Senin, 29 November 2010
Namun pada kenyataannya peraturan tersebut hanyalah sebuah peraturan yang tidak menghasilkan apapun bagi pendidikan anak pribumi.
Pada tahun 1820 kemudian diinstruksikan kembali untuk menyediakan sekolah bagi penduduk pribumi, namun usulan tersebut pun tidak berhasil juga dan hingga pada tahun 1849 hanya terdapat dua sekolah saja yang berhasil untuk didirikan.
Baru pada tahun 1892, sehabis adanya re-organisasi di bidang pendidikan terciptalah dua jenis sekolah, ialah sekolah kelas satu yang dikhususkan bagi golongan menengah ke atas dan sekolah kelas dua yang dikhususkan bagi golongan rakyat pribumi (bumi putera). Pendidikan yang diajarkan di sekolah kelas dua pun terbatas hanya mencakup pelajaran membaca, menulis, dan berhitung.
![]() |
Schakelschool (id.wikipedia.org) |
Lama pendidikan untuk sekolah kelas dua awalnya hanya hingga kelas 3 yang sanggup ditempuh dalam waktu 3 tahun. Namun seiring dengan berjalannya waktu, sekolah kelas dua menerima suplemen kelas ialah dengan ditambahnya kelas 4 dan kelas 5, yang menciptakan waktu tempuh pendidikan pun menjadi maksimal 5 tahun.
Baca Juga : Pengaruh Budaya Asing terhadap Kebudayaan Indonesia
Kegiatan berguru di sekolah kelas dua hanya sebatas membaca, menulis dan berhitung saja. Bahasa pengantar yang dipakai pun diwajibkan memakai bahasa melayu, yang disertai dengan mempelajari bahasa wilayahnya masing-masing.

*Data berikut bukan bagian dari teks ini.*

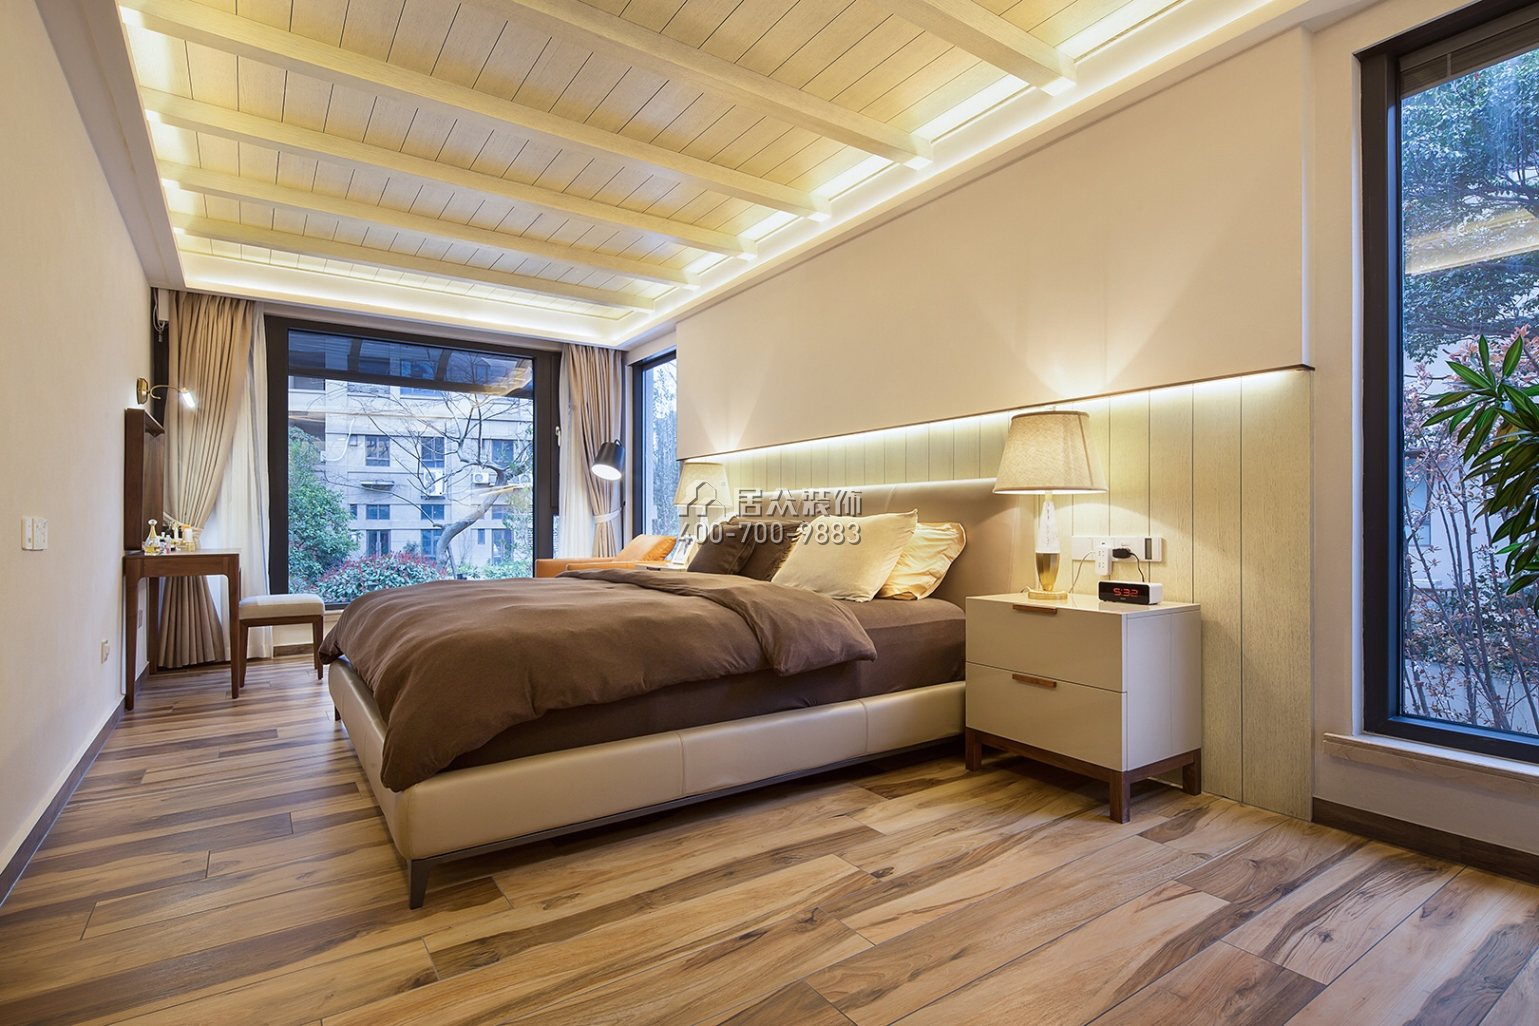 合能洋湖公館300平方米現代簡約風格復式戶型臥室裝修效果圖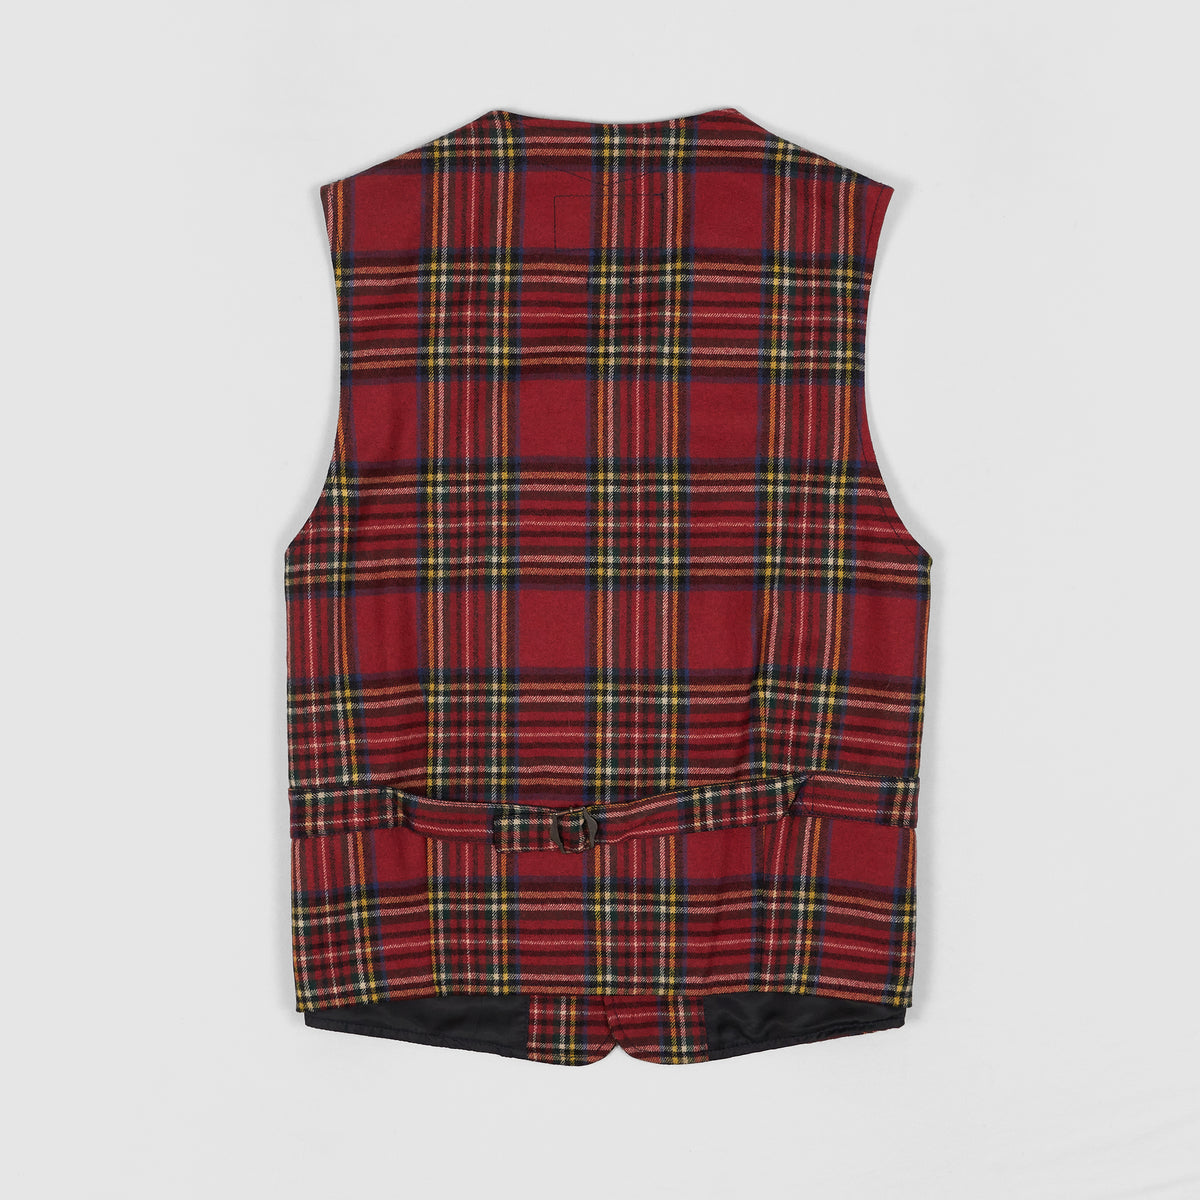 Manifattura Ceccarelli Yorkshire Tweed Tartan Vest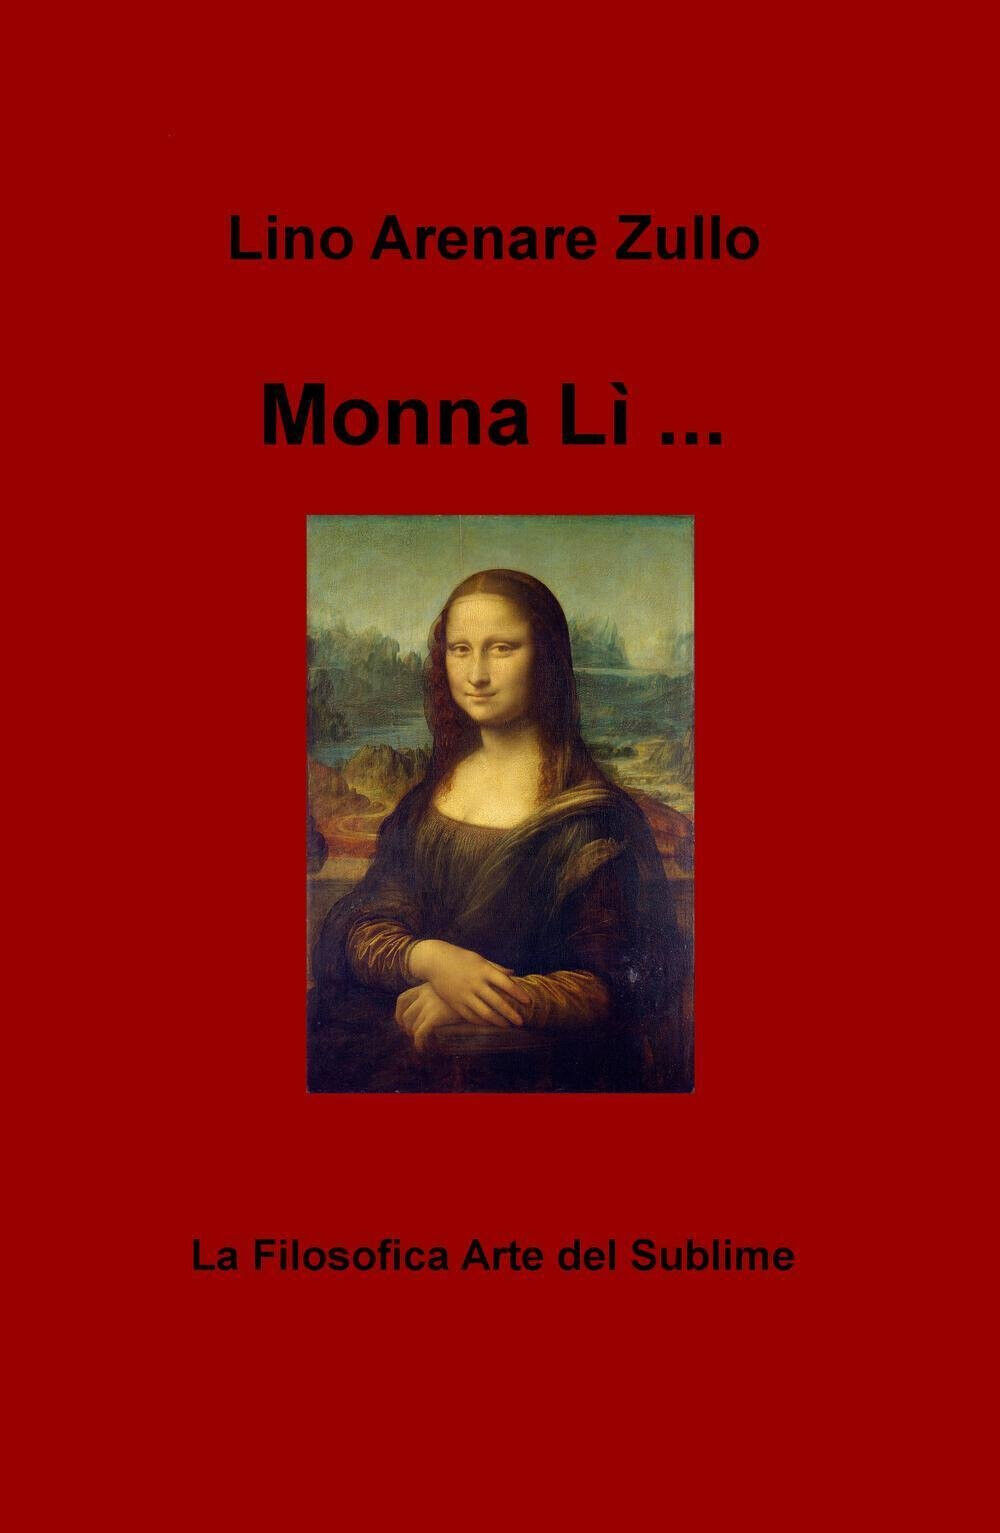 Monna Li... La filosofica arte del sublime - Zullo - Ilmiolibro, 2016 libro usato

Mata pelajaran lain yang diajarkan ialah ilmu bumi yang mempelajari perihal lingkungan sekolah dan letak geografis.
Ada juga mata pelajaran ilmu alam yang gres dipelajari di kelas 4 dan kelas 5. Isi mata pelajarannya mengenai pengetahuan perihal binatang, tanaman, dan badan manusia. Mulai tahun 1892 terdapat suplemen mata pelajaran yakni mata pelajaran menggambar dan bernyanyi, namun pada tahun 1912 pelajaran menyanyi tersebut dihapuskan.
Bangunan sekolah kelas dua banyak memakai majemuk gedung seperti gereja, rumah sewaan, hingga benteng bau tanah masa belanda. Namun dari kesemuanya itu, ada sekolah yang memang didirikan khusus untuk sekolah kelas dua, baik itu yang didirikan oleh pemerintah atau yang didirikan oleh para penduduk yang tentu dengan kondisi bangunan seadanya.
Pada perkembangannya sekolah kelas dua tidak sanggup menjelma sekolah umum, hal ini lantaran masih dipertanyakannya kesesuaian pendidikan bagi rakyat umum. Oleh alasannya itu, pada tahun 1907 Gubernur Jenderal van Heutz membentuk jenis sekolah gres berjulukan sekolah desa yang seluruh keberlangsungannya dipelihara oleh masyarakat desa.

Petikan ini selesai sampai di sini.